A second possible non-packing rationale for court expansion is the idea that we need  more justices so the Supreme Court can hear more cases. Justice Brett Kavanaugh and a number of outside critics of the Court believe it hears way too few cases, and should take many more. Perhaps they are right. I don’t have a strong view about what the optimal total number of Supreme Court cases,  though there are certainly some specific areas where I would like to see the justices do more (e.g. – constitutional property rights cases).

But even if Court should take more cases, it is not clear that it needs more justices to do so. The Court currently hears only about fifty to sixty cases  on the regular docket per year, including just 56 last year (not counting “shadow docket” cases that don’t get full briefing and oral argument). But, as recently as the early 1980s, it was hearing 160 cases per year. And there were only nine justices then, too! Hearing more cases would actually be easier today than it was then, since modern technology (most notably specialized electronic databases and now AI) makes it easier to quickly research  and analyze relevant legal issues.

The reason why the Court hears so few cases is not because we have too few justices, but because the justices have near-total control over their docket, and (with, perhaps, a few exceptions) they don’t want to take more. There is no guarantee this would change merely by increasing the size of the Court. The new justices may be happy hearing relatively few cases, just like the current ones. Fewer cases means more free time and longer summer vacations! Who wouldn’t want that?
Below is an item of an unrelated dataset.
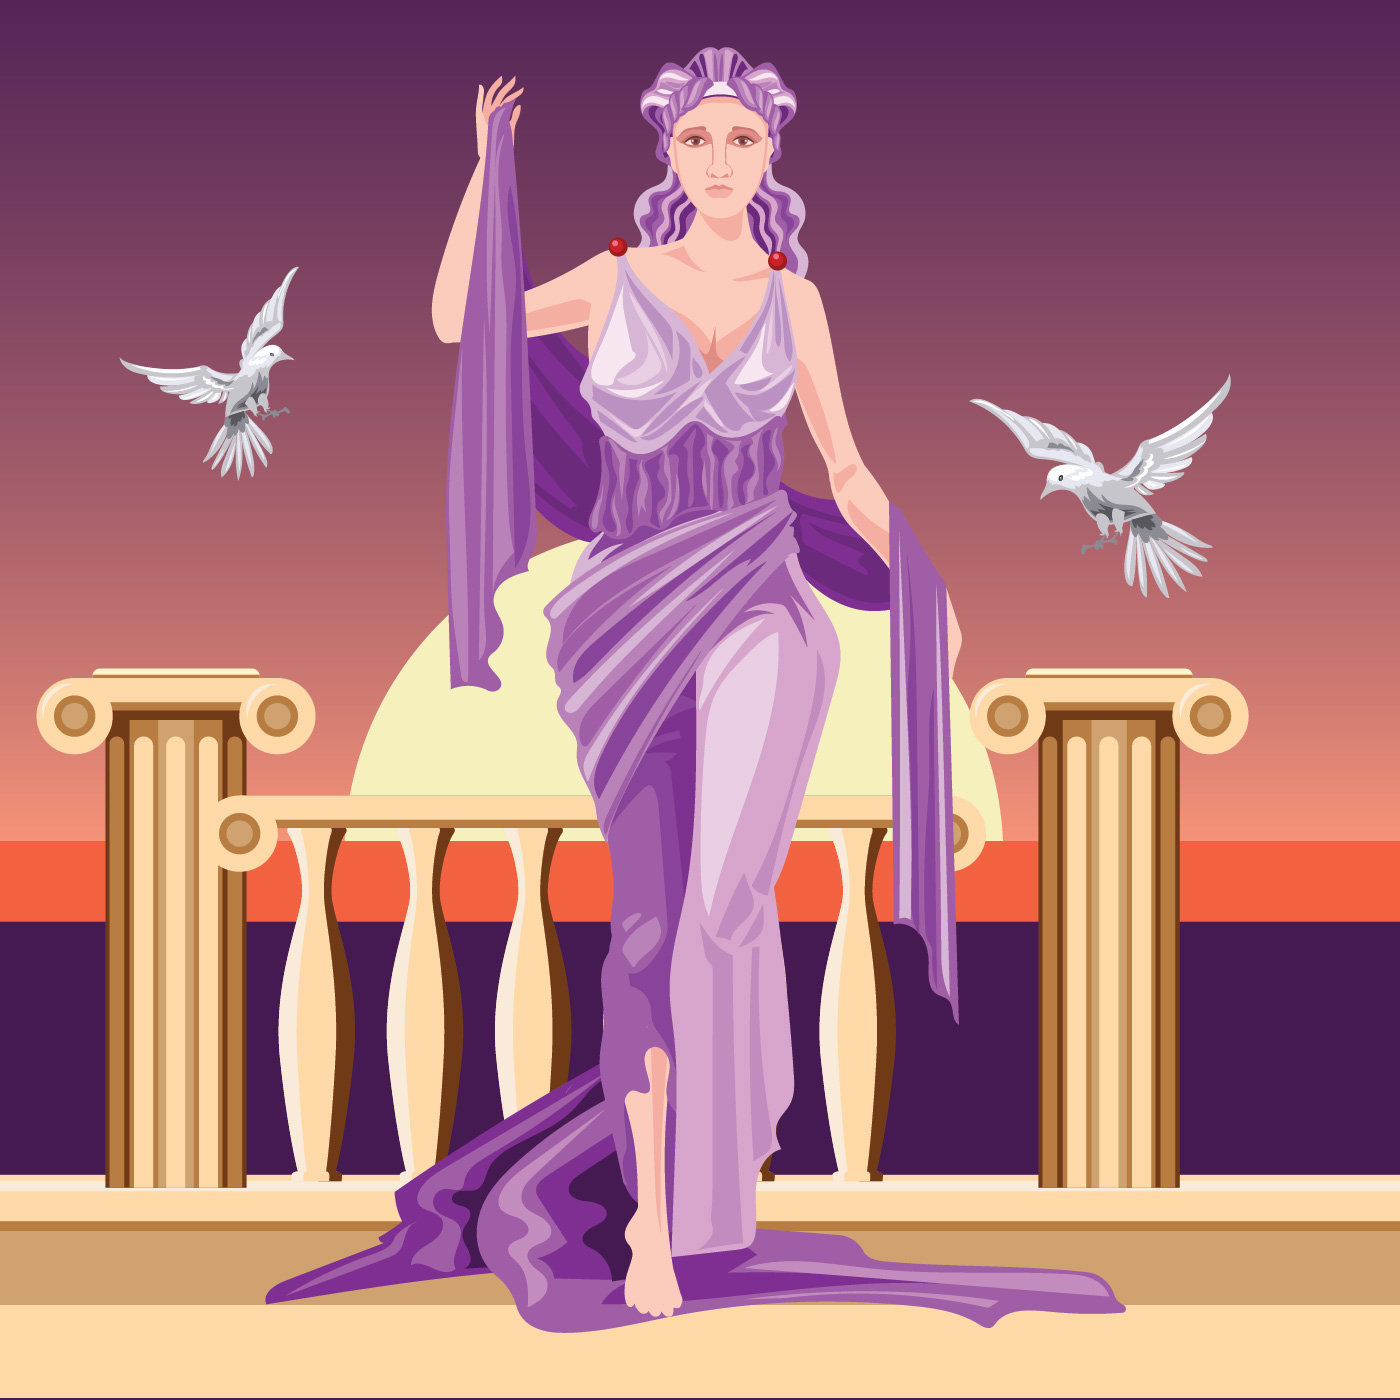 Classical Greek Goddess Aphrodite in Tunic Raising Arms ...

If Congress wants the justices to hear more cases, it could more effectively achieve that goal by increasing the scope of the Court’s mandatory jurisdiction. Before the enactment of the Judges Act of 1925, the Supreme Court had a sizable mandatory jurisdiction, and thereby heard more cases. Congress could repeal or modify that legislation, thereby increasing the justices’ workload.

There is some irony here. If, like many left-liberals, you think the Court does a terrible job on most important cases, you may not actually want them to hear more! Perhaps it would be better if they decided even fewer issues, thereby leaving more under the control of lower federal courts (which are, on average, somewhat more liberal than the present Supreme Court majority).

Even if you do want the Court to hear more cases, and you are persuaded that increasing the number of justices is the best way to achieve that result, it can be accomplished without changing the Court’s ideological balance. Simply adopt the ideologically balanced expansion outlined above. If you think 13 justices are not enough, the same approach can be used to increase to 15 or even more (with 15, the president’s party and the opposition party would each get to choose three new justices).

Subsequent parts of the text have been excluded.